◆ GIVEN RECORDS ◆

○ ○ ○

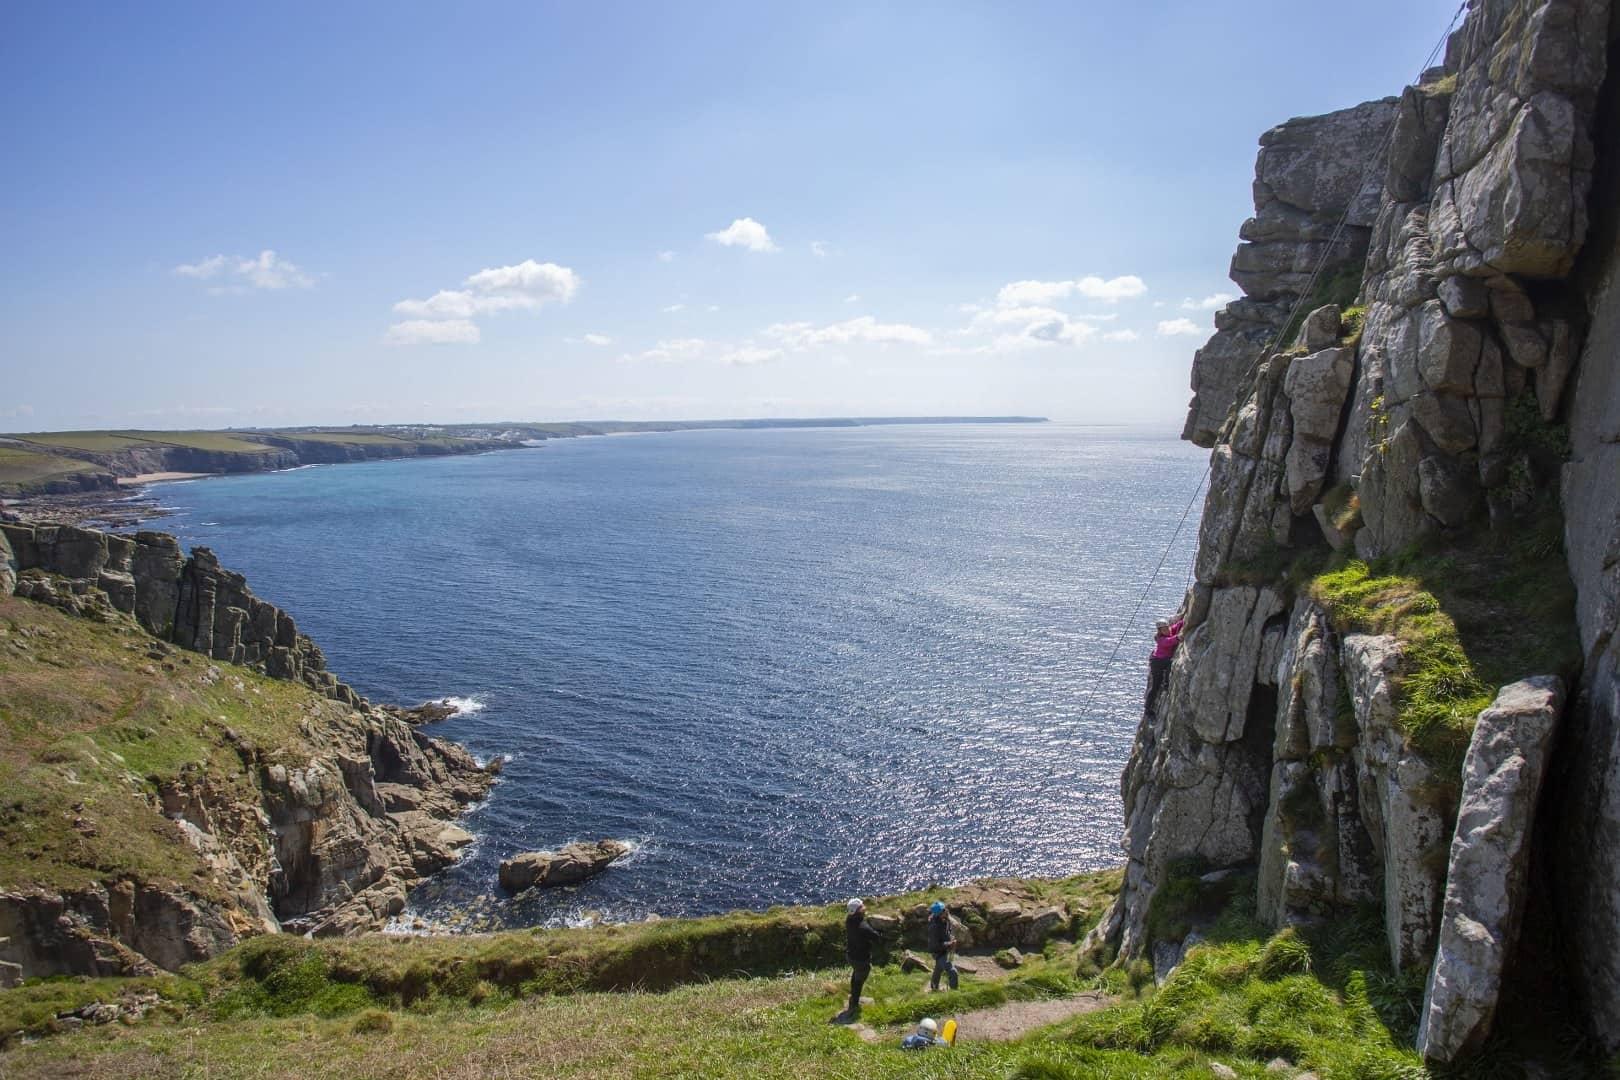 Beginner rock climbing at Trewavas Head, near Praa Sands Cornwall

○ ○ ○

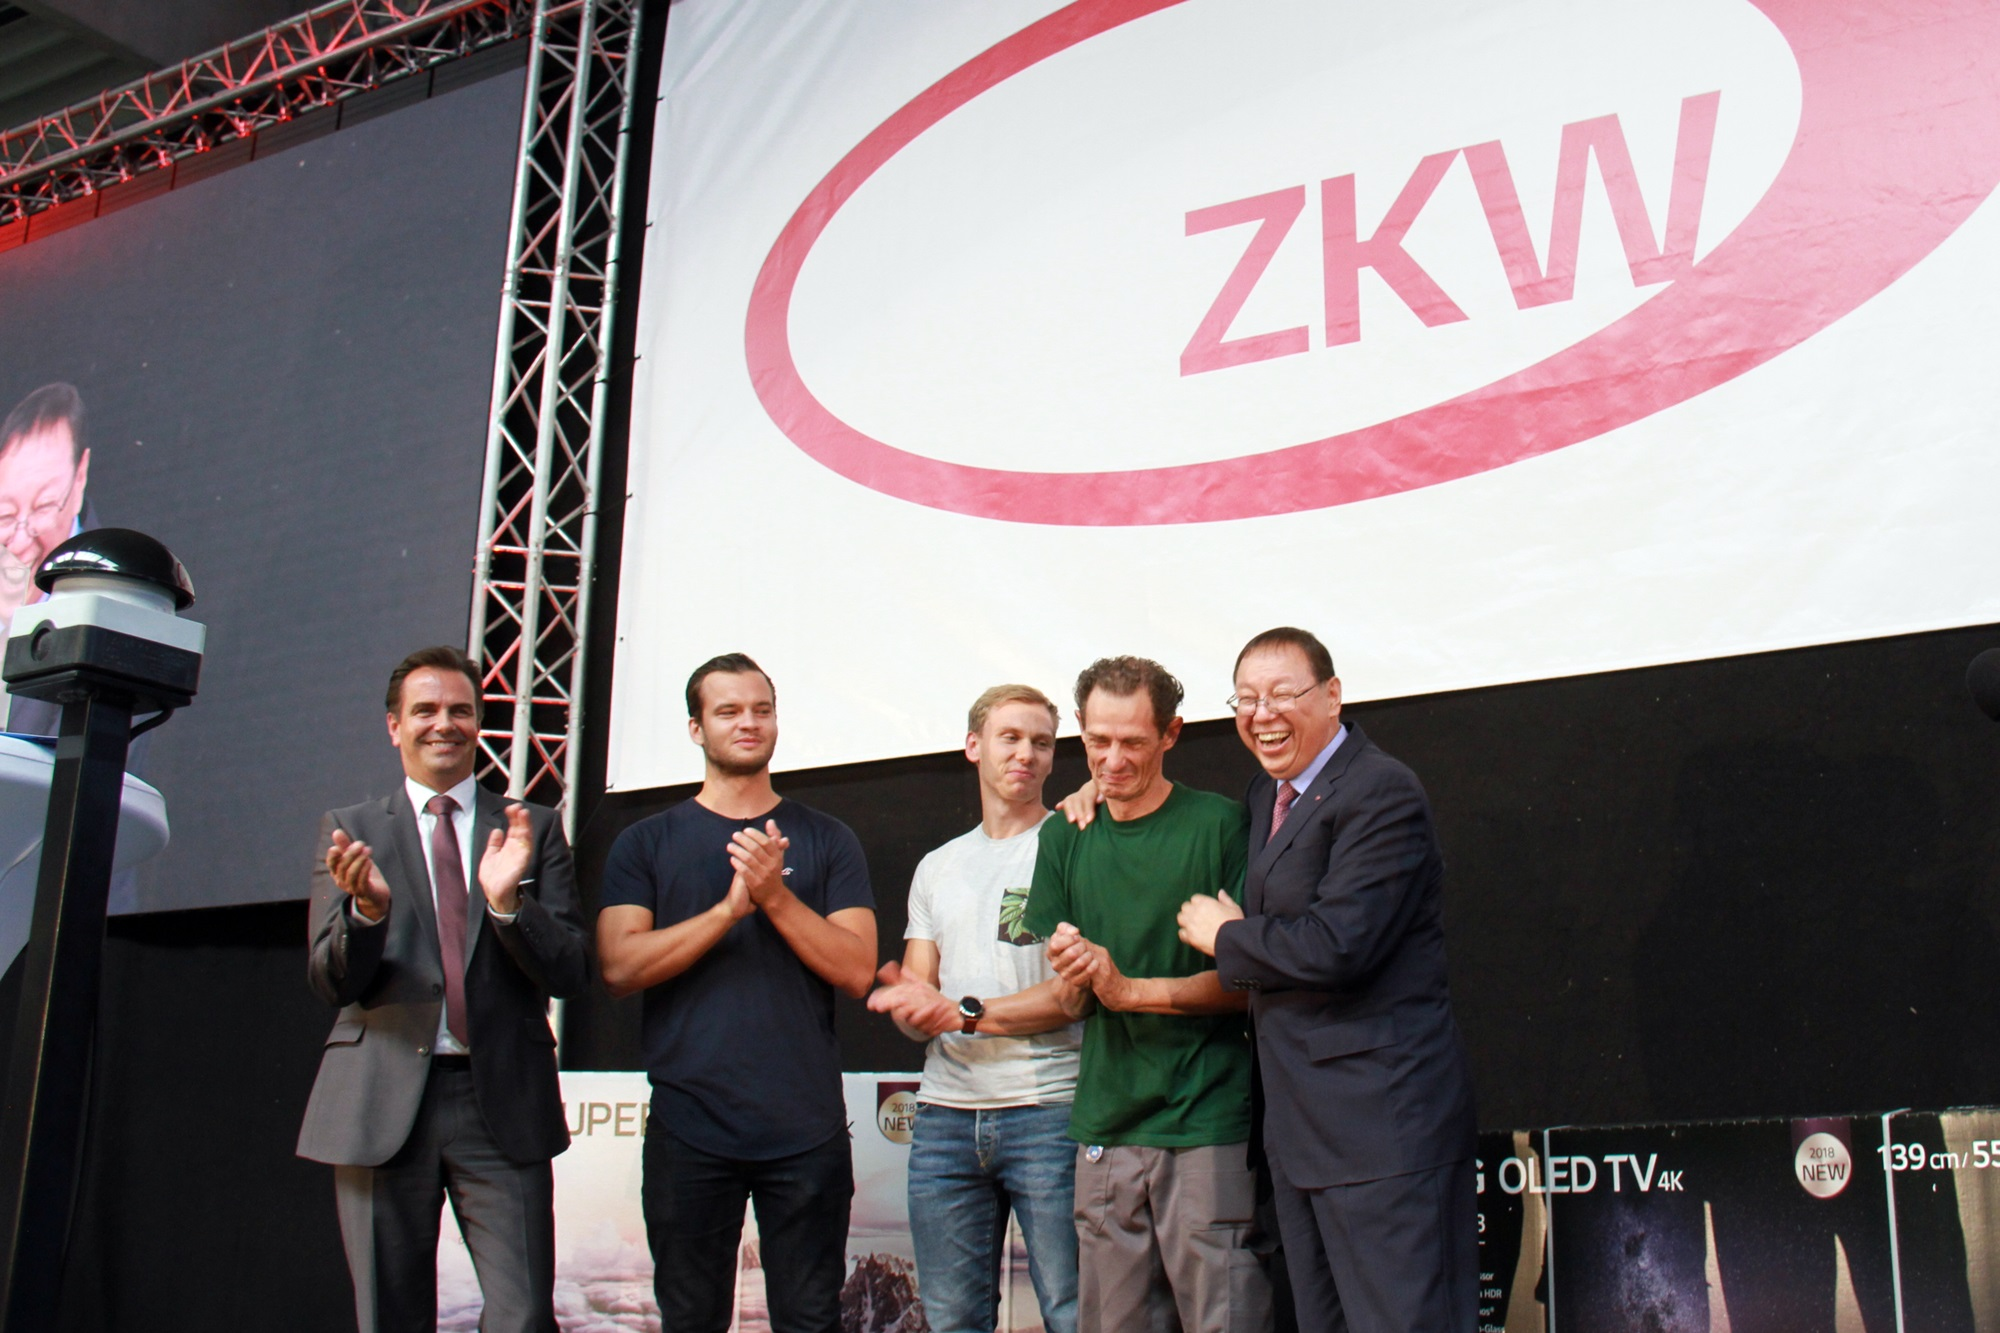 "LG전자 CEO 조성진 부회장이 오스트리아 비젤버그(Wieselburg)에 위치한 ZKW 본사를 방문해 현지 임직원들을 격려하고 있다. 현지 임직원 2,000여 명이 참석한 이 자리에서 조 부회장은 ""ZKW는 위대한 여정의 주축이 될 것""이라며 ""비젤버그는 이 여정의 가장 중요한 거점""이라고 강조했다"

○ ○ ○

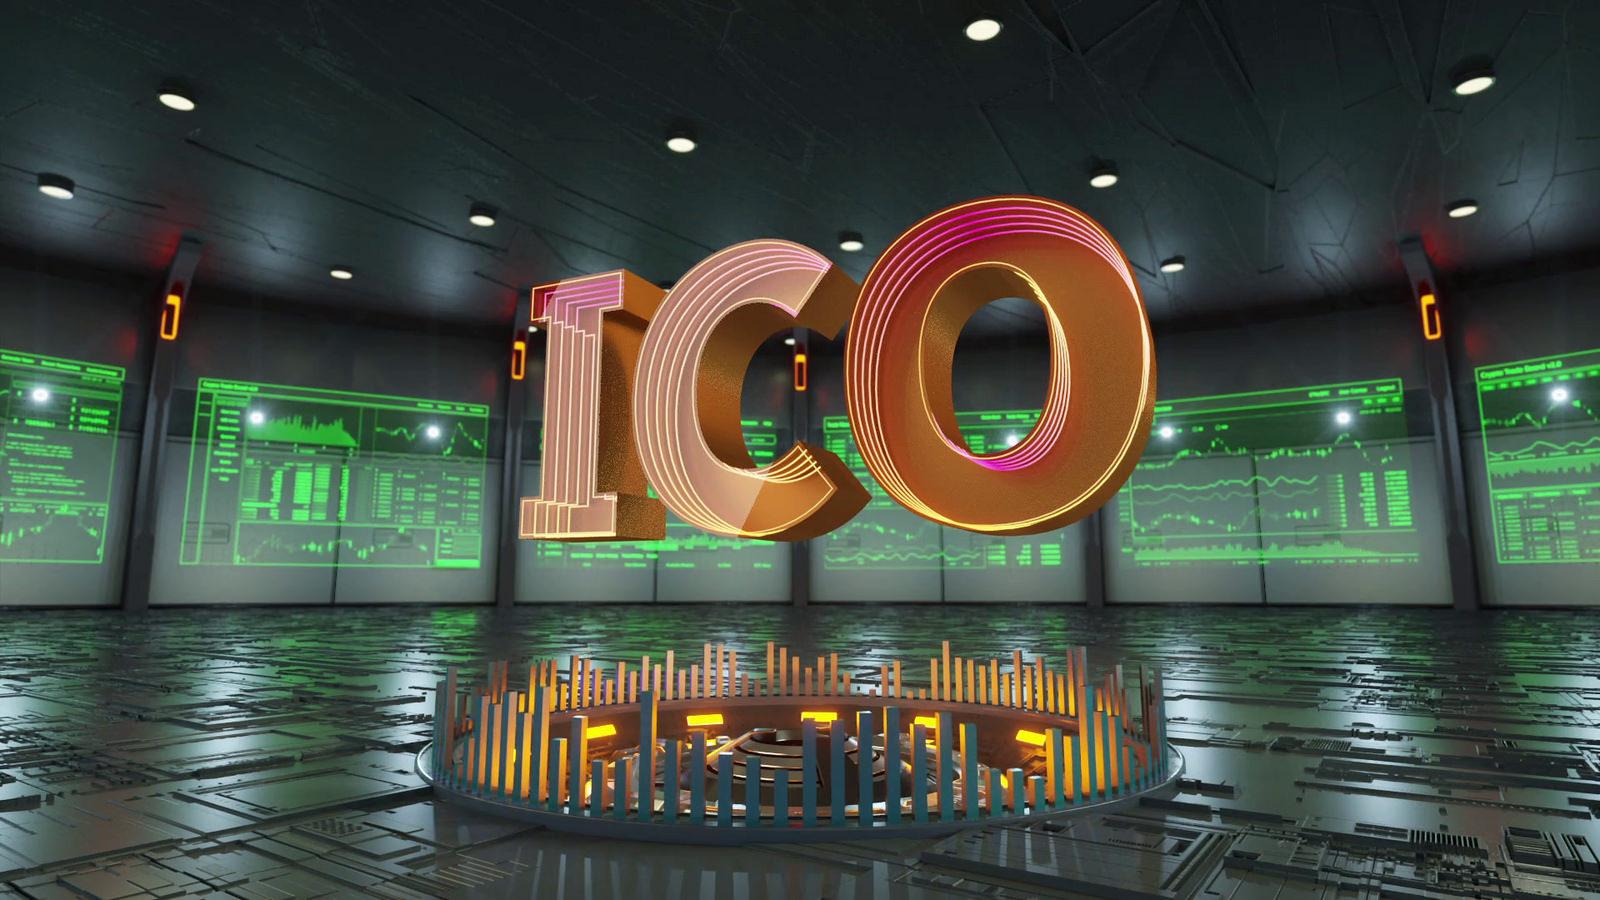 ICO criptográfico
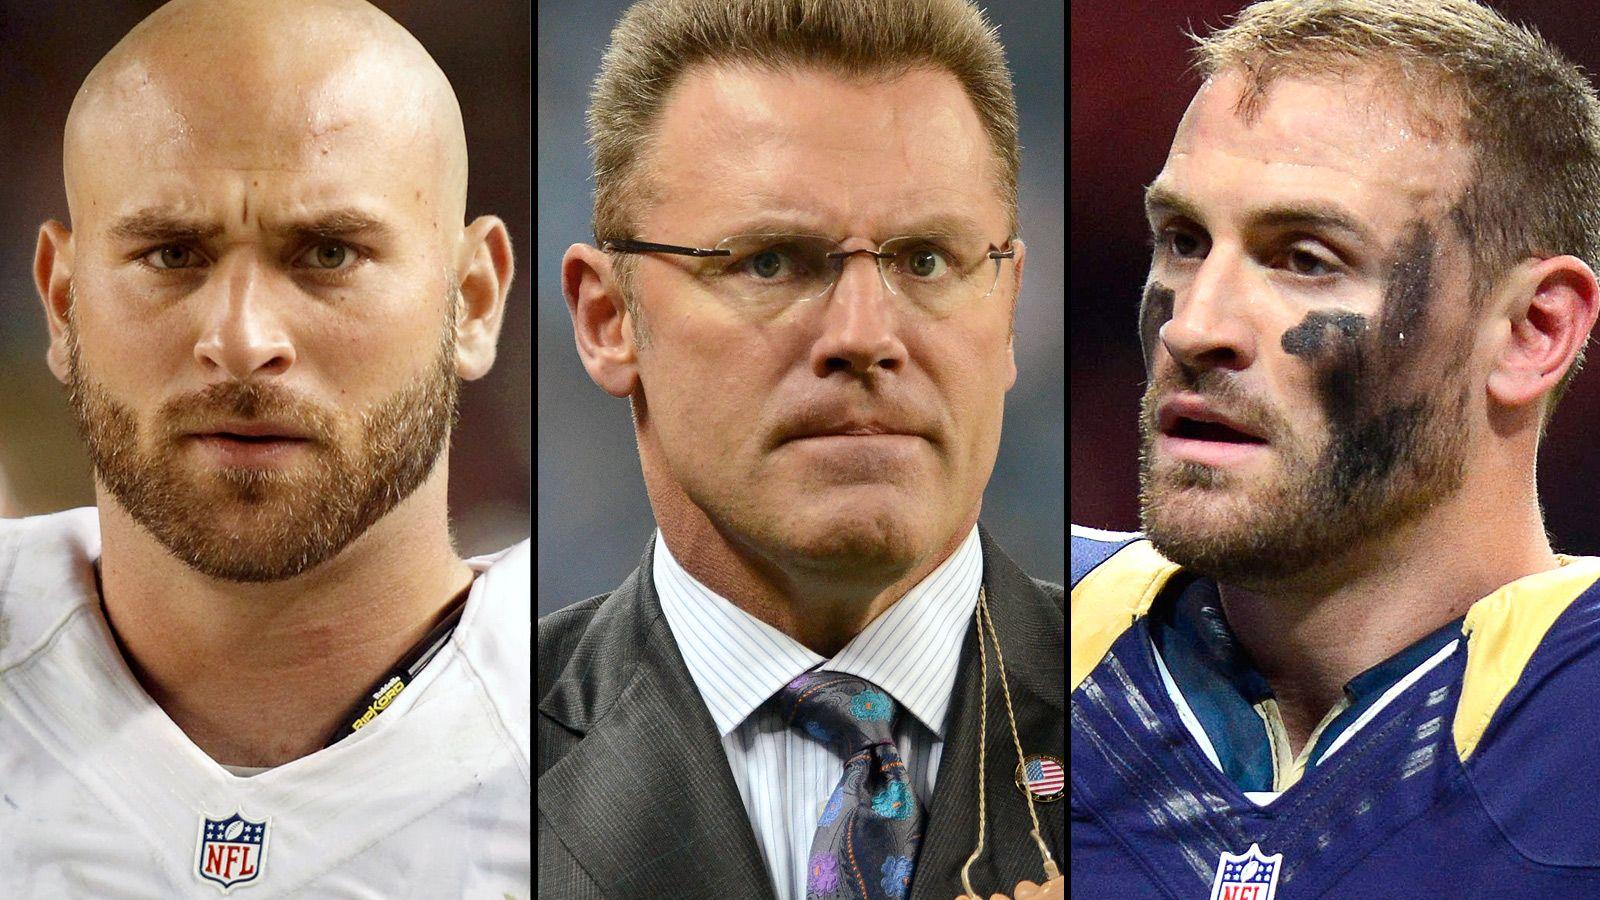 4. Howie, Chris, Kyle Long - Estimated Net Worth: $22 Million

○ ○ ○

◆ AIM OF THE EXERCISE ◆
Your answer should be the exact lines above from the one containing "ICO criptográfico" through the one containing "4. Howie, Chris, Kyle", with both end lines kept and the pictures removed, please.

◆ ANSWER FOR THIS EXERCISE ◆
 ICO criptográfico
 4. Howie, Chris, Kyle Long - Estimated Net Worth: $22 Million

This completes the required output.